TASK
Pictures are to be left out; every line from the one that holds "Med-Surg Respiratory System, part" to the end of the data is to be retyped exactly.

=== PROVIDED MATERIAL ===

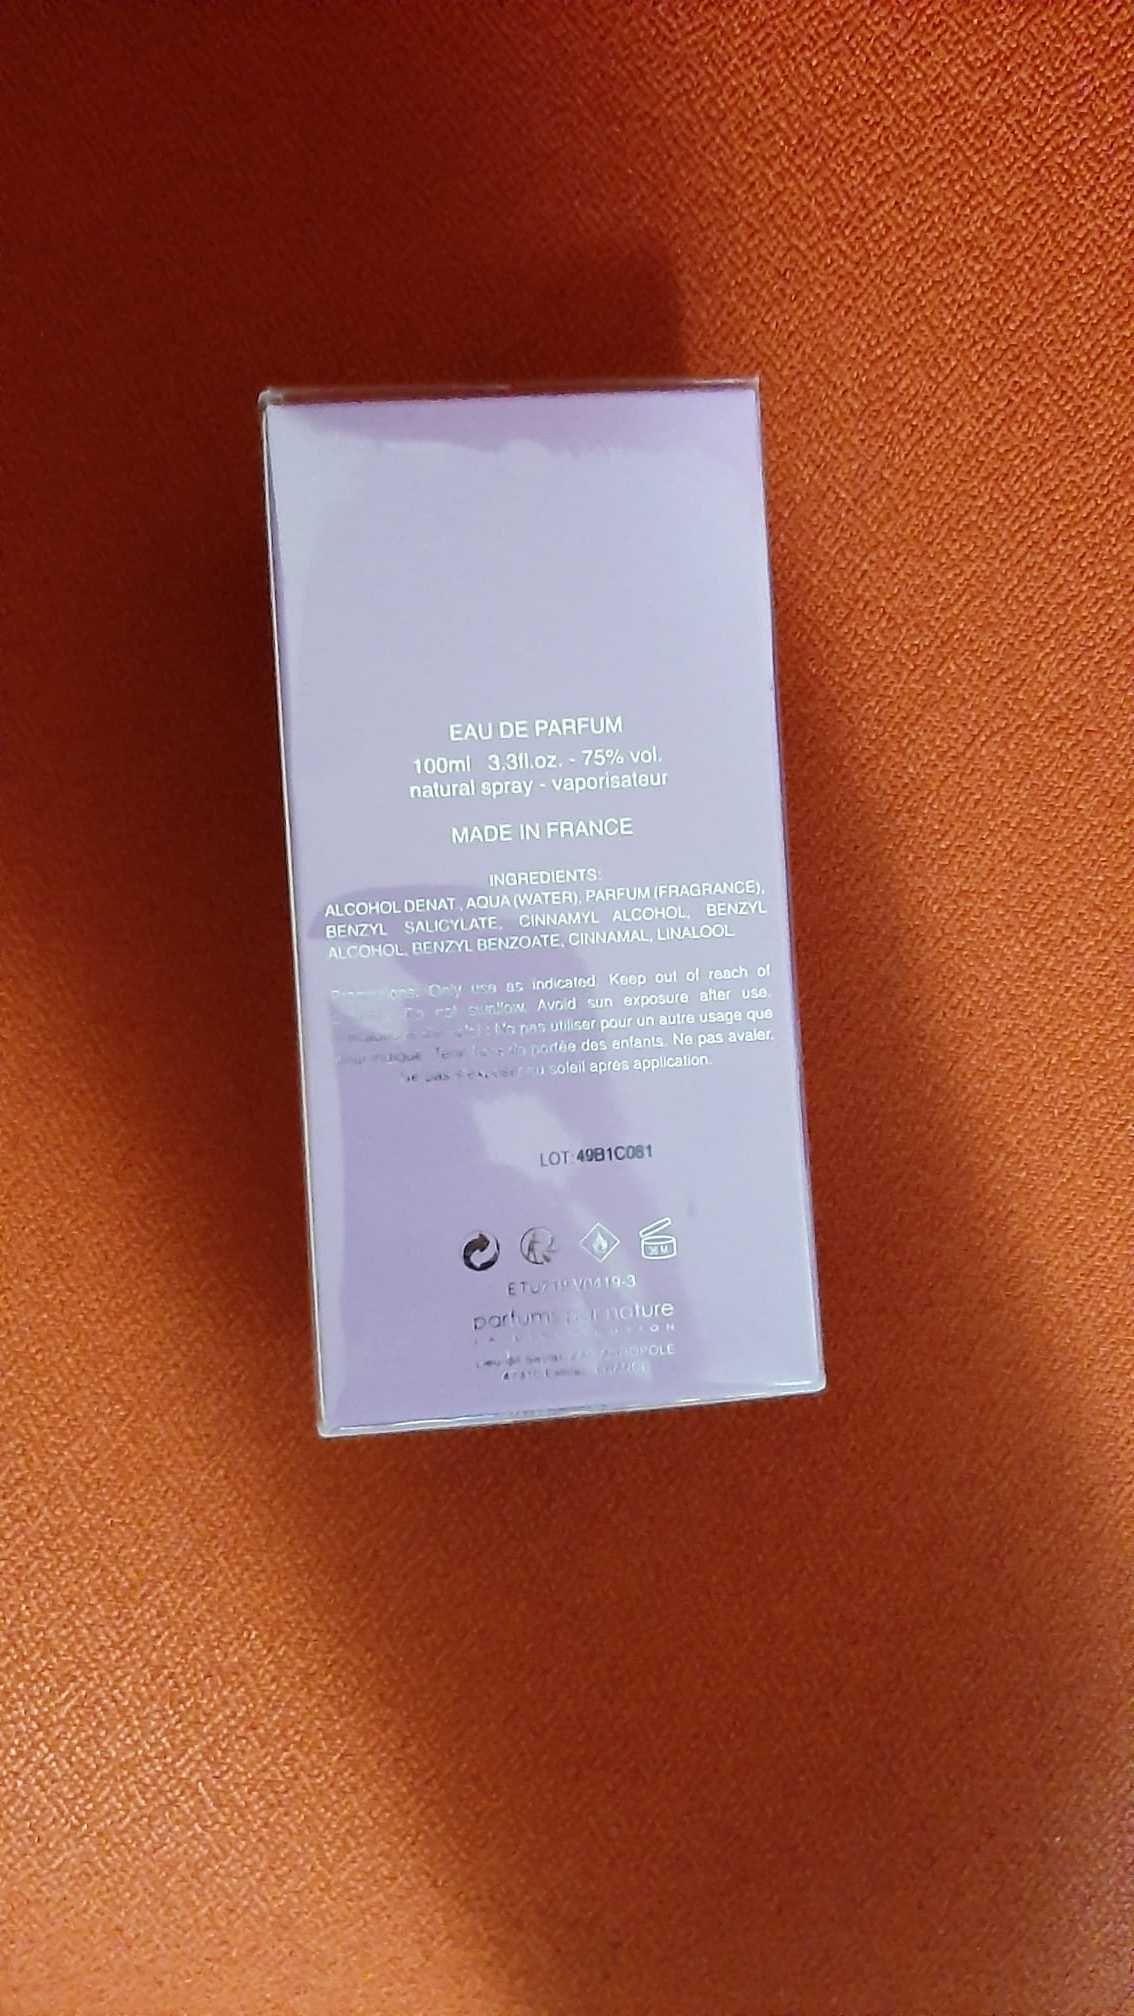 AXIS Elegant Apa de Parfum femei 100 ml
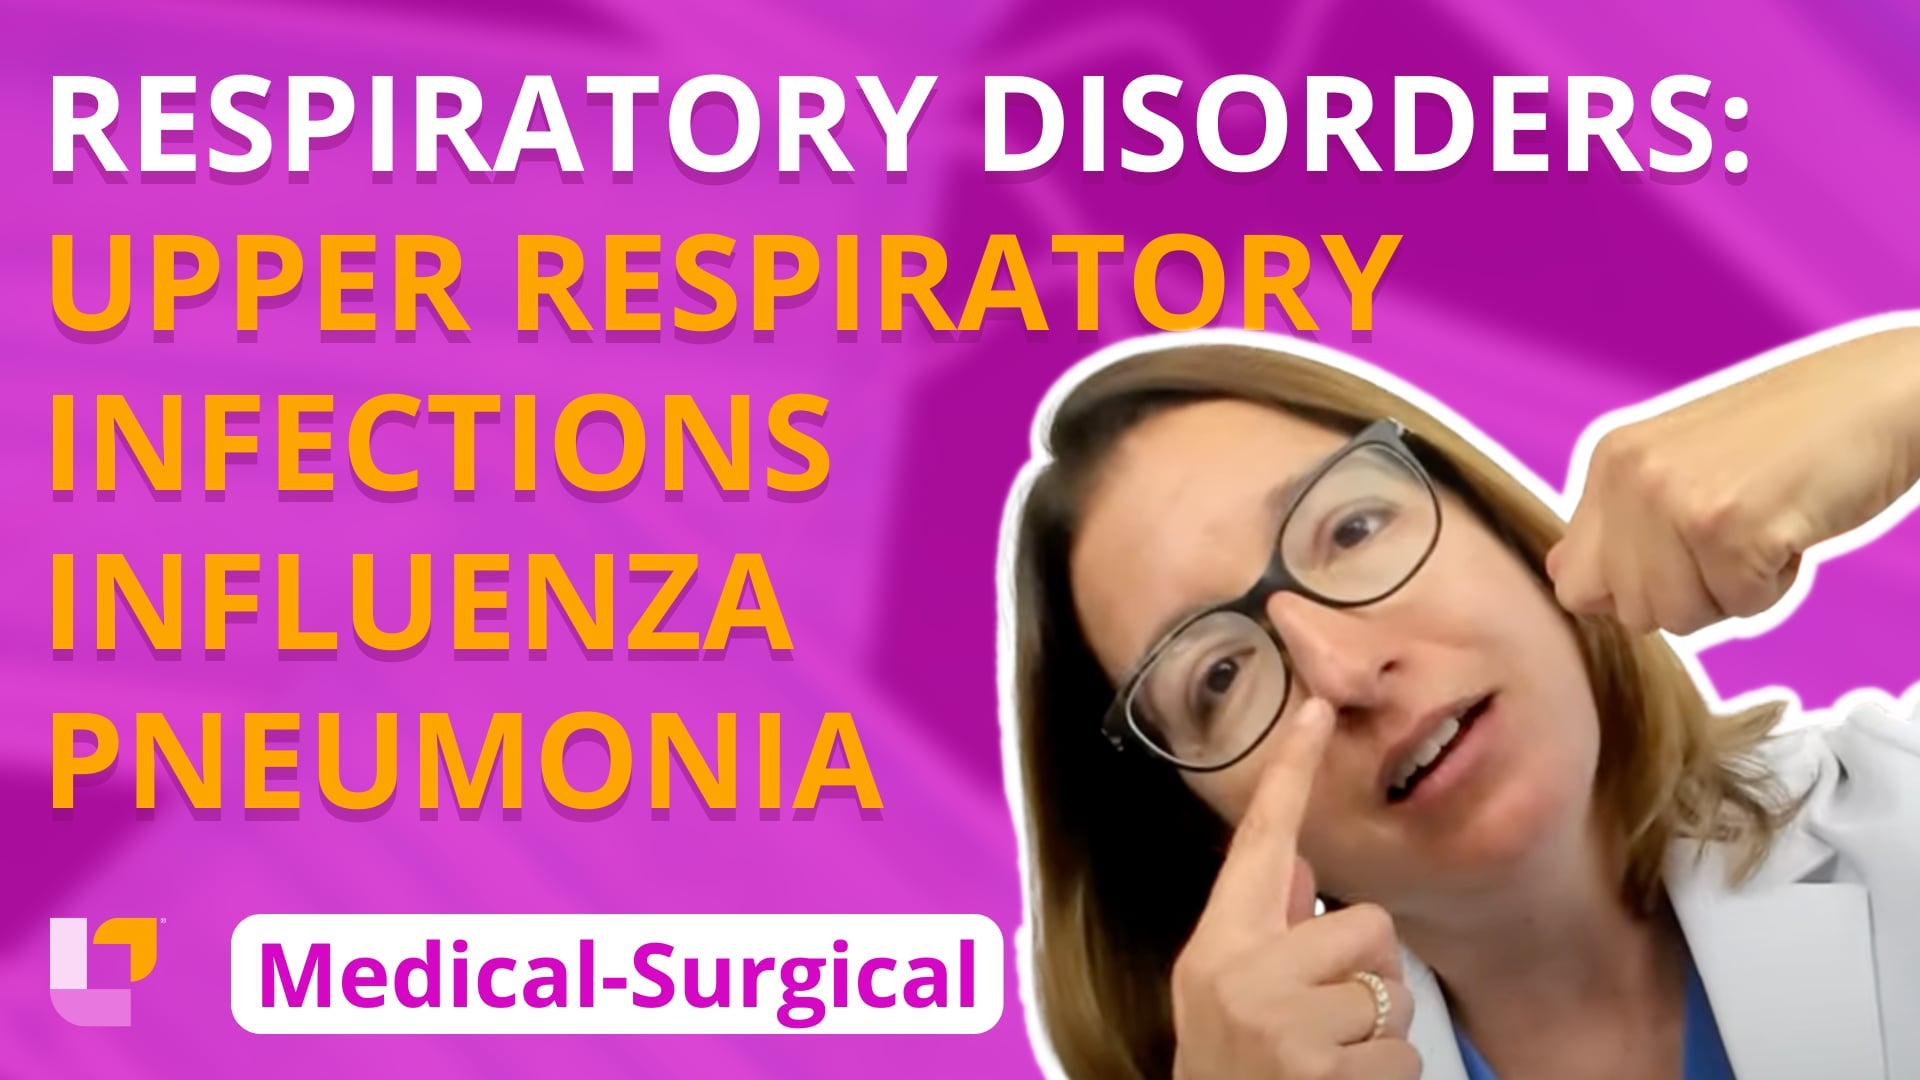 Med-Surg Respiratory System, part 8: Upper Respiratory Tract Disorders, Influenza, Pneumonia - LevelUpRN
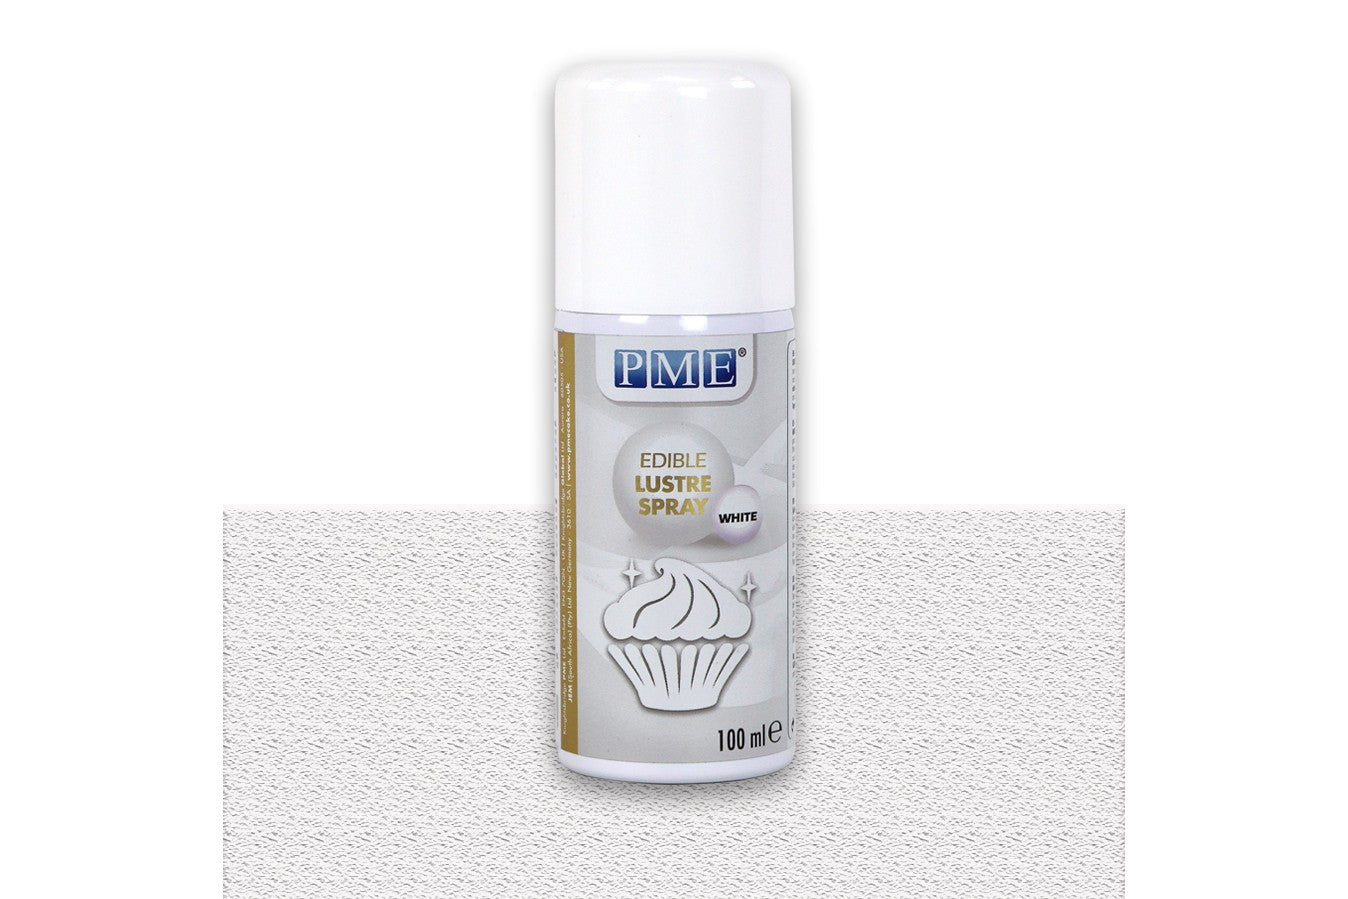 PME Edible Lustre Spray - White 100ml - The Cooks Cupboard Ltd

===

WRITTEN SOLUTION
 Med-Surg Respiratory System, part 8: Upper Respiratory Tract Disorders, Influenza, Pneumonia - LevelUpRN
 PME Edible Lustre Spray - White 100ml - The Cooks Cupboard Ltd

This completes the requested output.